I have a dataframe that looks like this:
id name industry income
1 apple telecommunication 100
2 oil gas 100
3 samsung telecommunication 200
4 coinbase crypto 100
5 microsoft telecommunication 30
so what I want to do is find the average income of each industry. it would be: telecommunication 110, gas 100, crypto 100.
what ive done is find the frequency of each industry:
df.groupby(['industry']).sum().value_counts('industry')
which results in:
industry
telecommunication 3
gas 1
crypto 1
and also I've found the sum of income of each industry:
df.groupby(['industry']).sum()['income']
which results in
industry
telecommunication 330
gas 100
crypto 100
Now I'm kind of stuck on how to continue...
CodePudding user response:
You're looking for mean
:
means = df.groupby('industry')['income'].mean()
Output:
>>> means
industry
crypto 100.0
gas 100.0
telecommunication 110.0
Name: income, dtype: float64
>>> means['telecommunication']
110.0
CodePudding user response:
If you wanted to keep all other details, groupby and transform
df['mean']=df.groupby('industry')['income'].transform('mean')

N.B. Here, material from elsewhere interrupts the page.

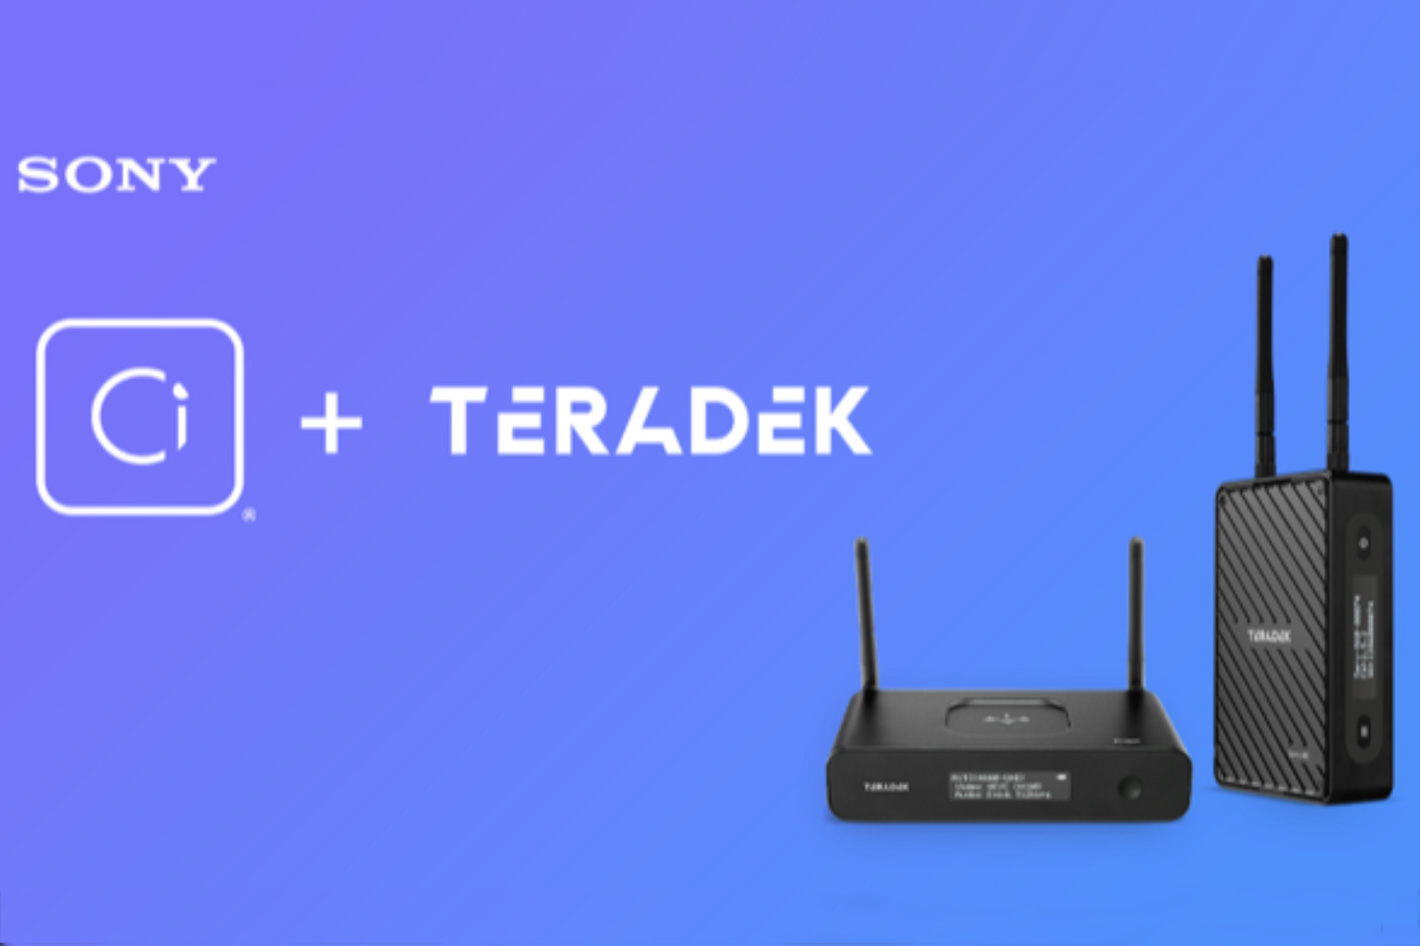 Sony’s Ci Media Cloud natively integrates Teradek solutions

id name industry income mean
0 1 apple telecommunication 100 110.0
1 2 oil gas 100 100.0
2 3 samsung telecommunication 200 110.0
3 4 coinbase crypto 100 100.0
4 5 microsoft telecommunication 30 110.0
If yo need a summarised frame
df.groupby('industry')['income'].mean().to_frame('mean_income')
mean_income
industry
crypto 100.0
gas 100.0
telecommunication 110.0
CodePudding user response:
Maybe you should use agg
to avoid multiple operations:
out = df.groupby('industry', sort=False).agg(size=('income', 'size'),
mean=('income', 'mean'),
sum=('income', 'sum')).reset_index()
print(out)
# Output:
industry size mean sum
0 telecommunication 3 110.0 330
1 gas 1 100.0 100
2 crypto 1 100.0 100